Data Lake Analytics

A deep-space fleet monitoring system called "Voidwatch" that ingests starship telemetry through Kinesis, delivers raw data to S3 via Firehose, enriches it with Lambda, catalogs it with Glue crawlers, and queries it with Athena SQL. The scenario exercises Simfra's full analytics stack from streaming ingestion through schema inference to interactive queries.

Services

Service Role
Kinesis Data Streams 2-shard stream for telemetry ingestion, KMS encrypted
Kinesis Data Firehose Delivers from Kinesis to S3 with JSONL formatting and time-based partitioning
Lambda Python 3.12 producer (generates telemetry) and enricher (adds fleet sector and threat level)
S3 Four buckets: raw data, enriched data, Athena results, pipeline artifacts - all SSE-KMS
Glue Two crawlers (raw and enriched) for schema inference and Data Catalog registration
Athena Workgroup and named queries for SQL analytics against cataloged tables
EventBridge Scheduled rule triggering producer Lambda on 1-minute intervals
CloudWatch Logs Lambda execution logs
KMS Single customer-managed key for all encryption
IAM Seven least-privilege roles scoped per function
CodeCommit Source repository for Lambda functions
CodeBuild Packages Python functions
CodePipeline Orchestrates deployment

Architecture

EventBridge (1-min schedule) --> Producer Lambda
                                    |
                                    v
                                 Kinesis Stream (2 shards, KMS)
                                /                  \
                               v                    v
                         Firehose                Lambda Enricher (ESM)
                            |                       |
                            v                       v
                    S3 raw/ (JSONL,           S3 enriched/ (Hive-partitioned
                     time-partitioned)         by faction)
                            |                       |
                            v                       v
                     Glue Crawler (raw)      Glue Crawler (enriched)
                            |                       |
                            v                       v
                         Glue Data Catalog (tables + schemas)
                                    |
                                    v
                                 Athena SQL Queries
                                    |
                                    v
                                 S3 athena-results/

The scenario uses a dual-consumer architecture: Firehose and Lambda both consume from the same Kinesis stream simultaneously.
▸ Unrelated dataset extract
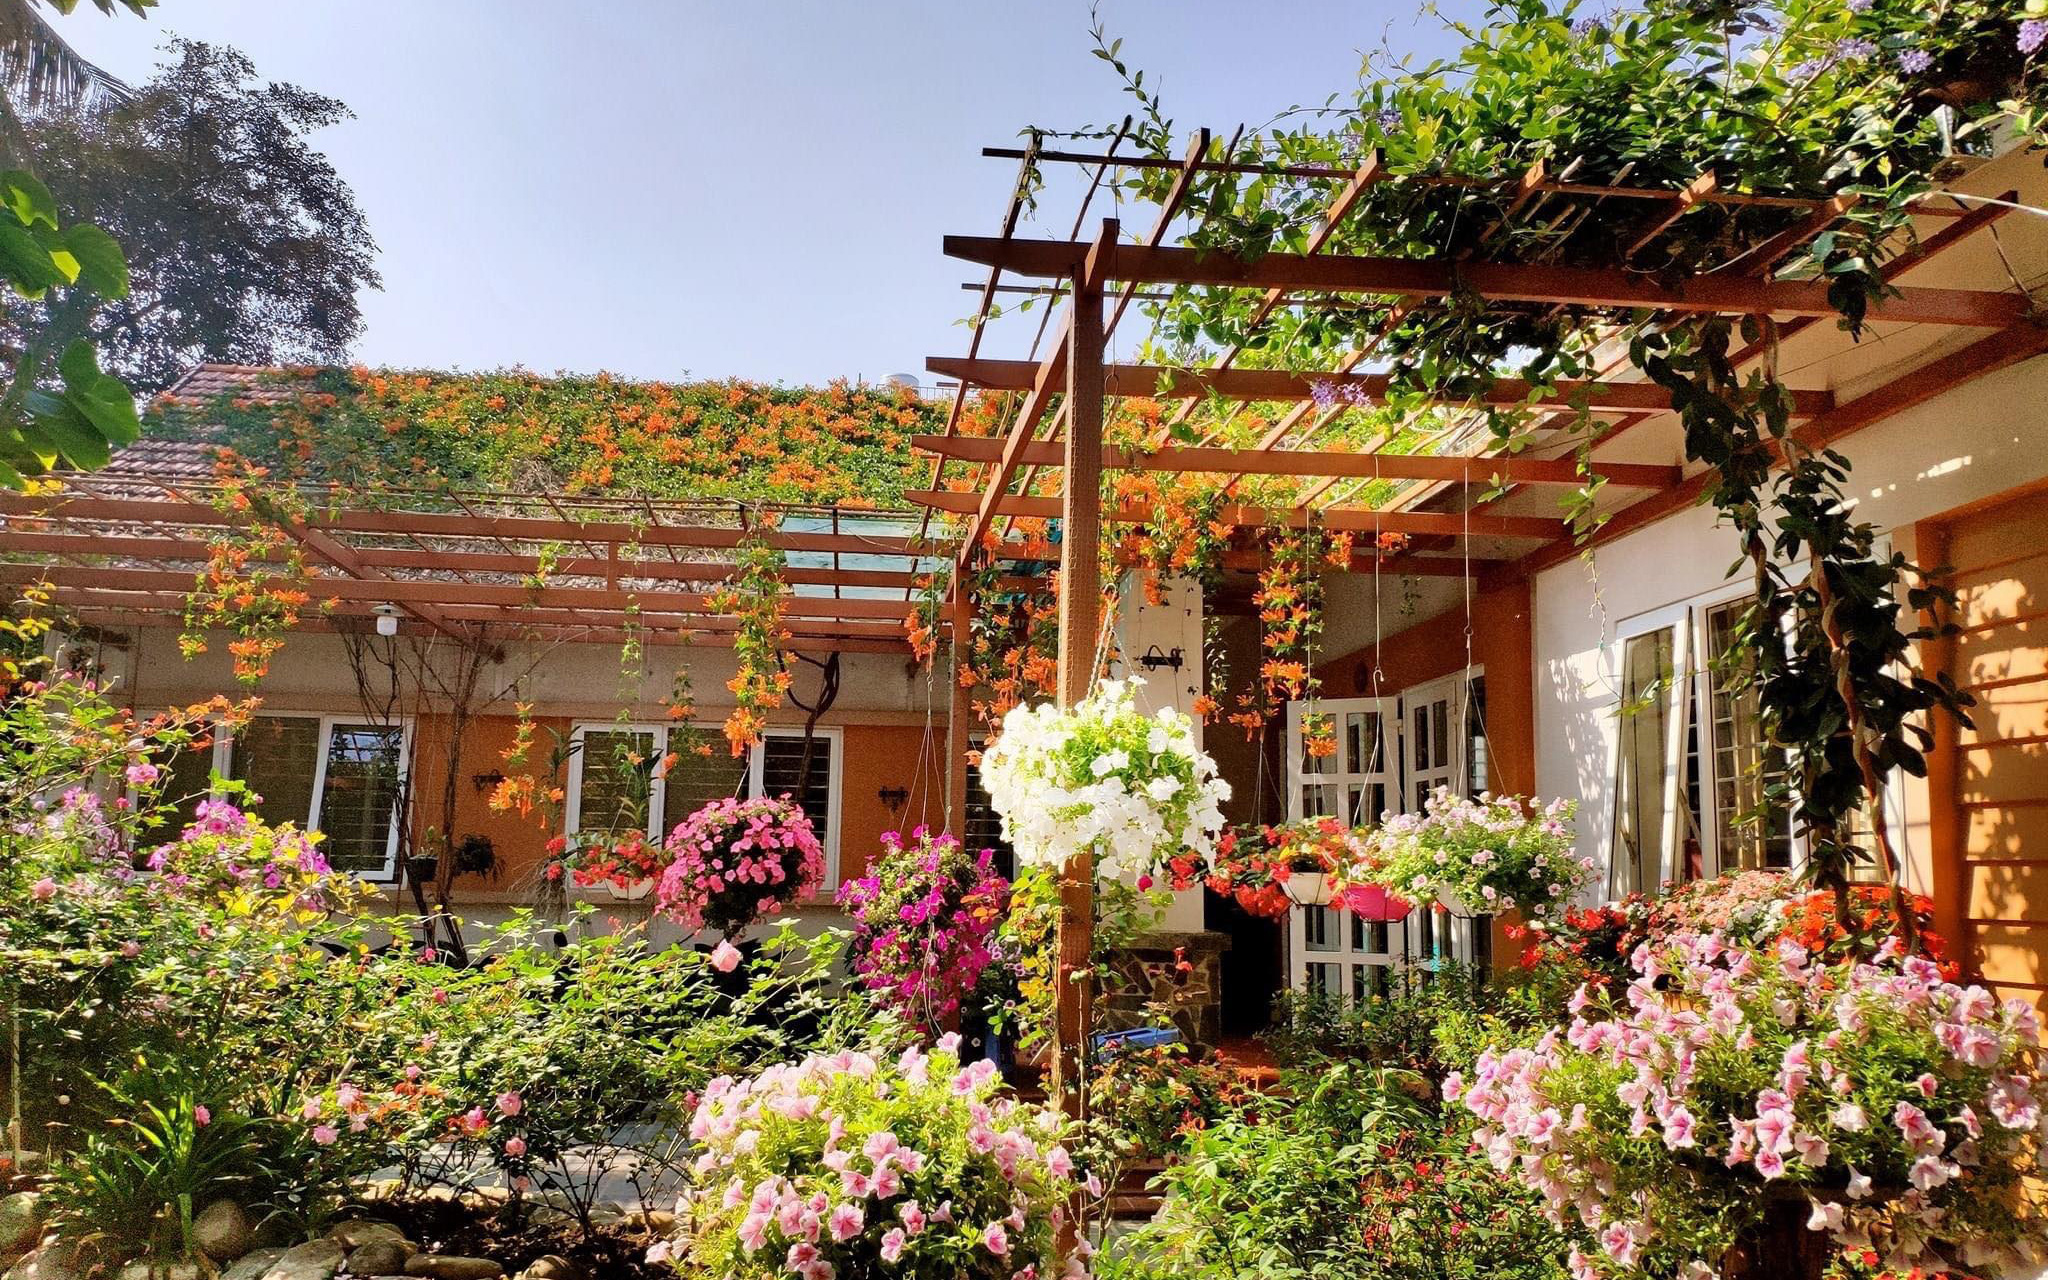 Căn nhà vườn vạn người mơ ước của người chồng chăm chỉ cuốc đất cho vợ phủ kín hoa ở TP. Điện Biên

Firehose handles raw archival with time-based S3 prefixes (raw/YYYY/MM/DD/HH/). The Lambda enricher adds derived fields (fleet_sector, threat_level) and writes Hive-partitioned output (enriched/faction={faction}/). Glue crawlers infer JSON schemas and detect partitions automatically.

What This Validates

  • Kinesis stream ingestion with KMS encryption and multi-shard parallelism
  • Firehose delivery from Kinesis source to S3 with AppendDelimiterToRecord processing
  • Dual consumption from the same Kinesis stream (Firehose + Lambda ESM)
  • Lambda event source mapping with Kinesis, processing batches of up to 50 records
  • Glue crawler schema inference and Hive partition detection on S3 data
  • Glue Data Catalog table registration with inferred column types
  • Athena SQL queries with aggregations (GROUP BY, COUNT, AVG) and filtering (WHERE)
  • EventBridge scheduled Lambda invocation on a recurring interval
  • Hive-partitioned S3 data layout recognized by Glue and queryable by Athena

Test Coverage

Tests include smoke checks for all 12 resources, integration tests for the full pipeline (producer invocation, Firehose flush and S3 delivery, Glue crawler runs with schema and partition verification, Athena queries with result validation), security tests for KMS encryption across all services and IAM role scoping, and performance tests with burst ingestion (5 parallel producer invocations) and concurrent Athena queries (3 parallel).